Extracted data

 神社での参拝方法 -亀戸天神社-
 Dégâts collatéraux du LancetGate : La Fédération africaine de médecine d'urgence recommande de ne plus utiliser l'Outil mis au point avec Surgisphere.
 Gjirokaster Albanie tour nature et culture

* * *

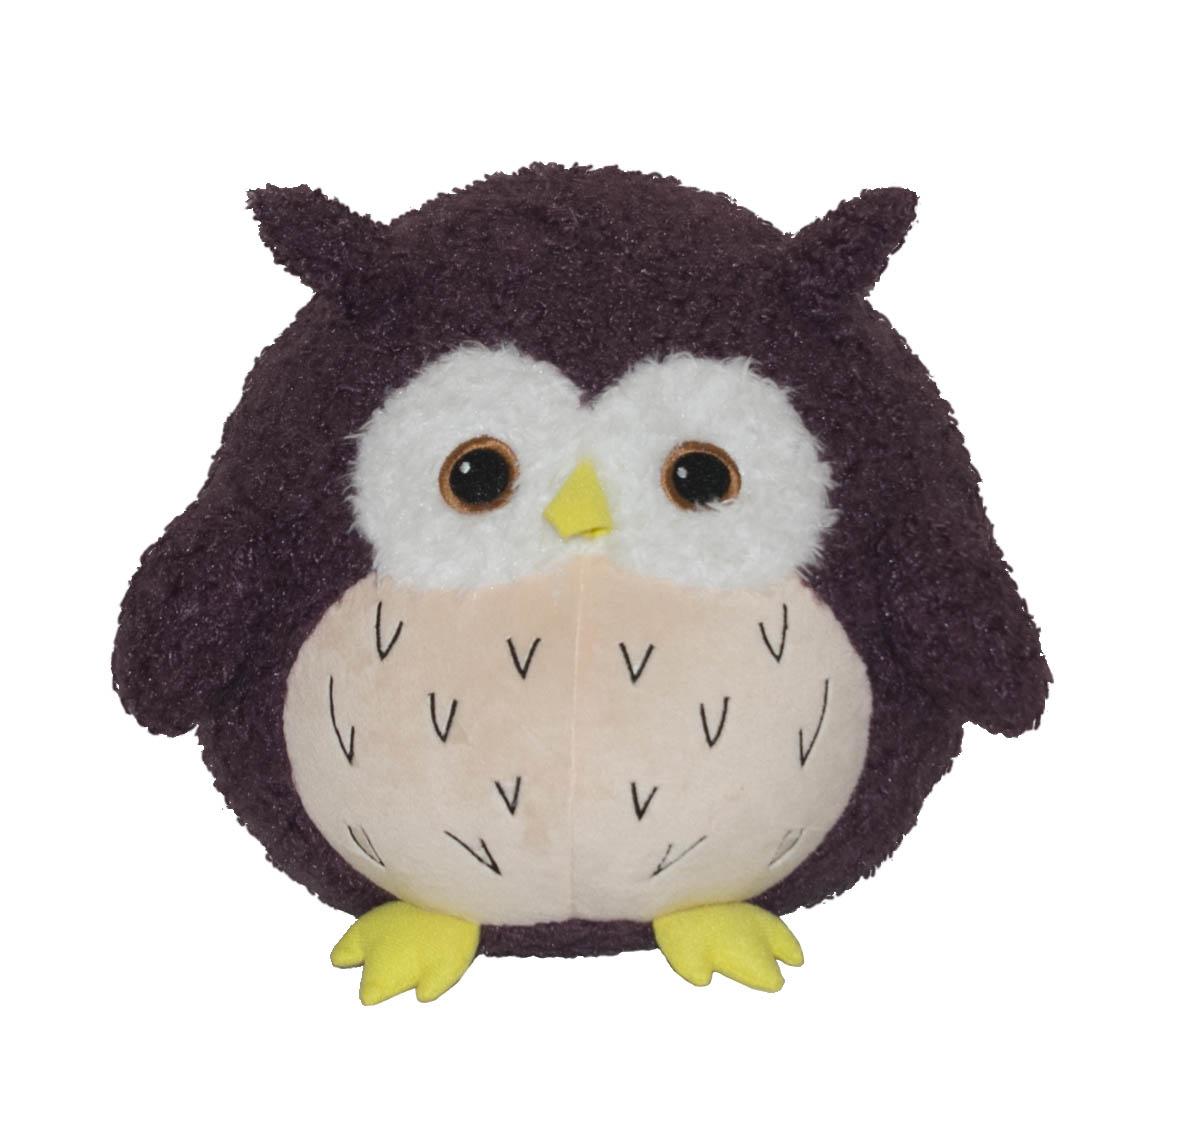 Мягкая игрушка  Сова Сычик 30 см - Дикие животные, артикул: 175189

...

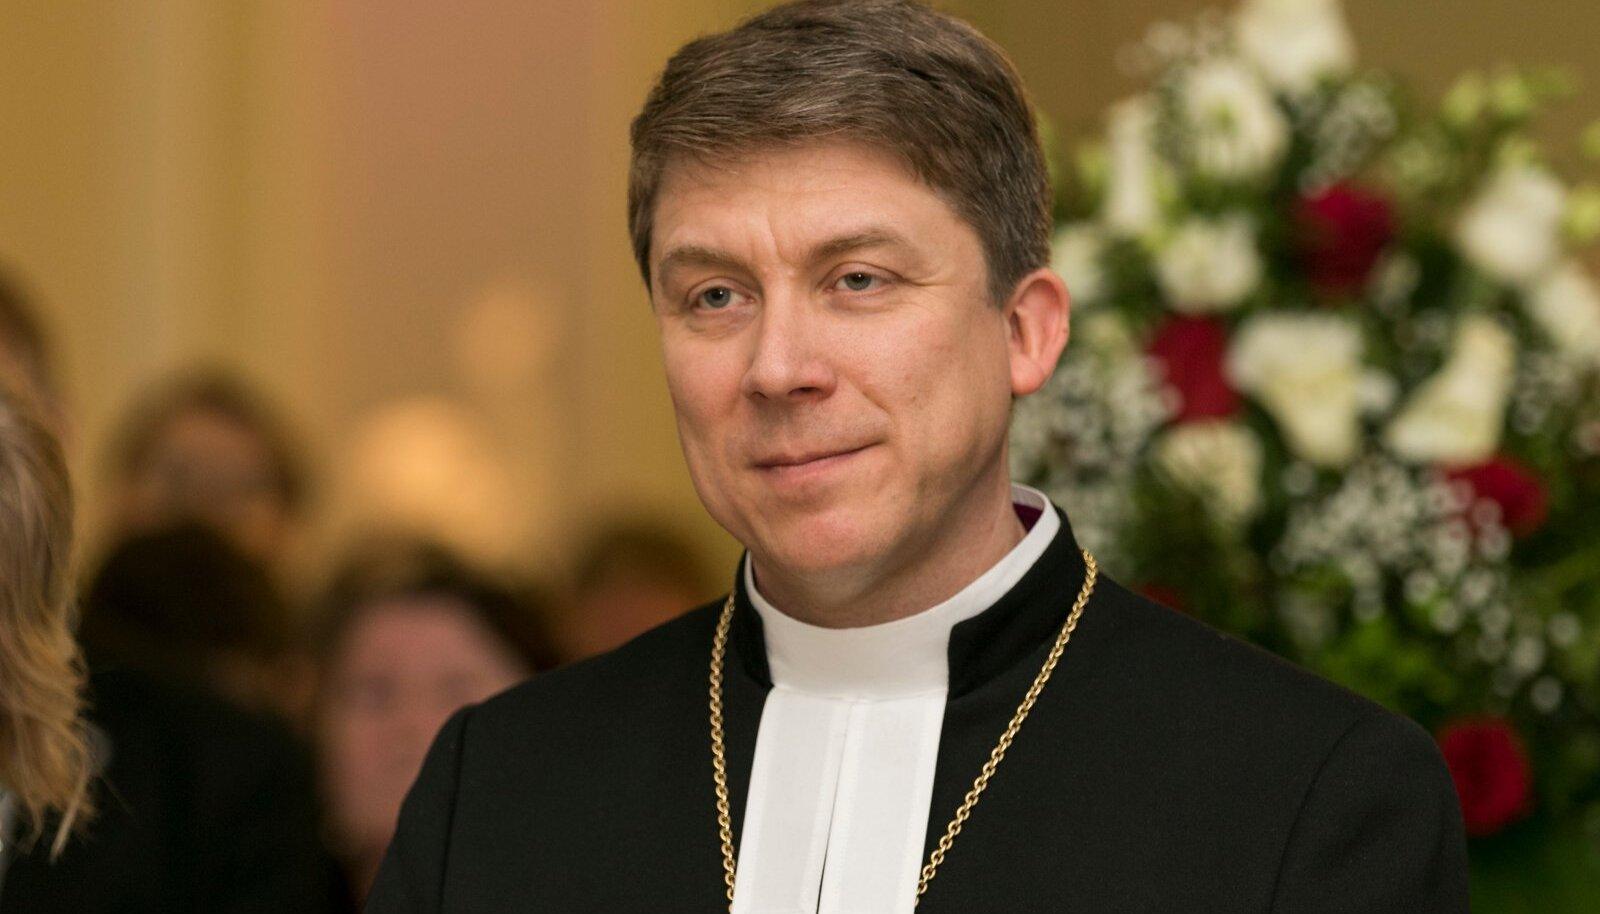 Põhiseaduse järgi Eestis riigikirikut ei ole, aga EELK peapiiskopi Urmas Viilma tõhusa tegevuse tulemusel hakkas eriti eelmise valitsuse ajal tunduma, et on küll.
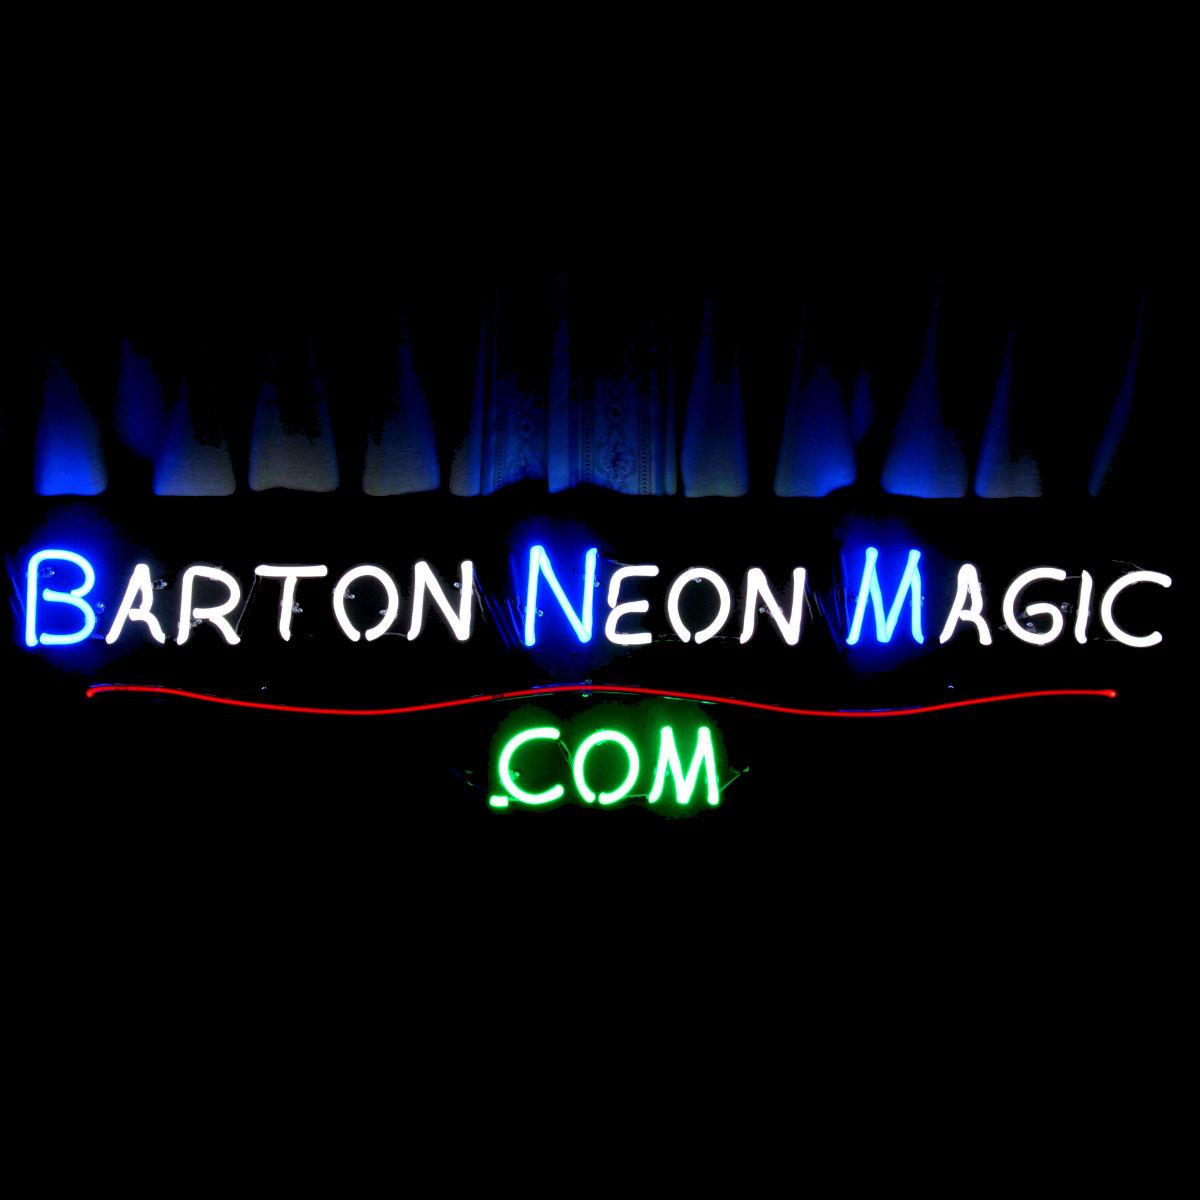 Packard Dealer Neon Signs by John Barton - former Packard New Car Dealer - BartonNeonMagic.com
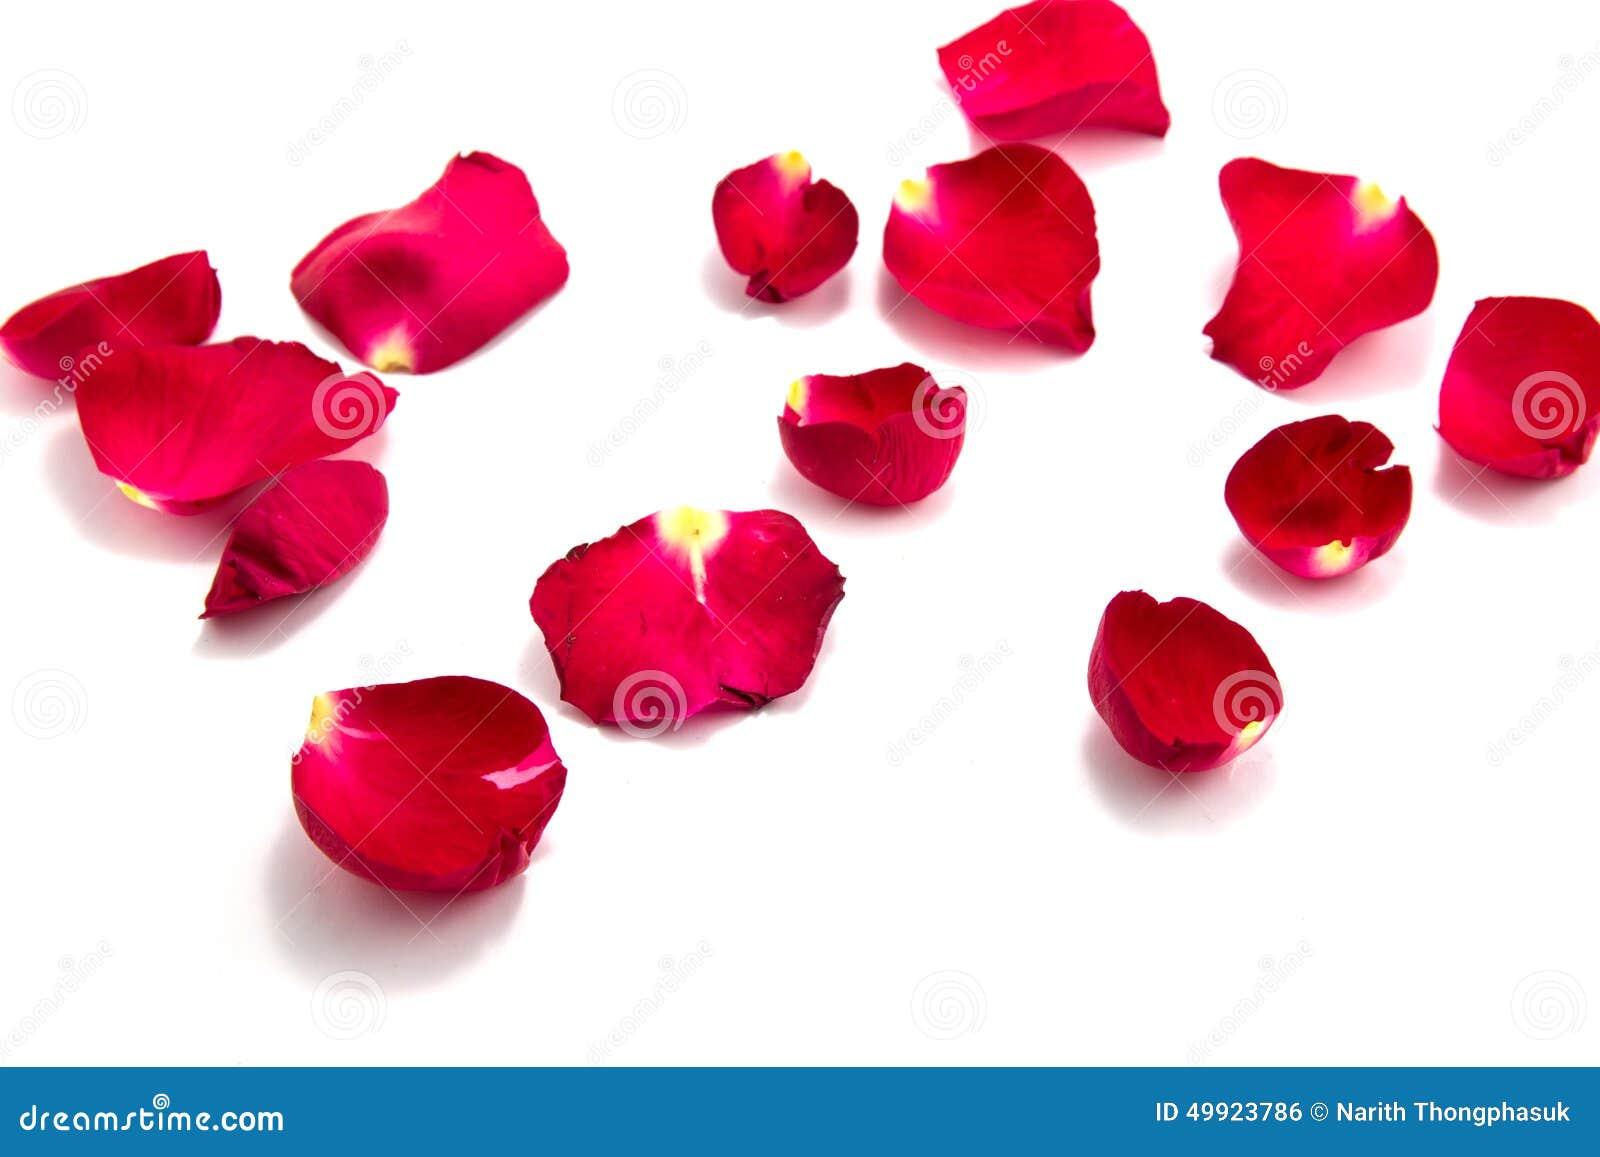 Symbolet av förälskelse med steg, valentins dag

Work item
From the records above, transcribe exactly the lines starting at the one containing "Põhiseaduse järgi Eestis" and ending at the one containing "Symbolet av förälskelse". Skip the pictures.

Answer
 Põhiseaduse järgi Eestis riigikirikut ei ole, aga EELK peapiiskopi Urmas Viilma tõhusa tegevuse tulemusel hakkas eriti eelmise valitsuse ajal tunduma, et on küll.
 Packard Dealer Neon Signs by John Barton - former Packard New Car Dealer - BartonNeonMagic.com
 Symbolet av förälskelse med steg, valentins dag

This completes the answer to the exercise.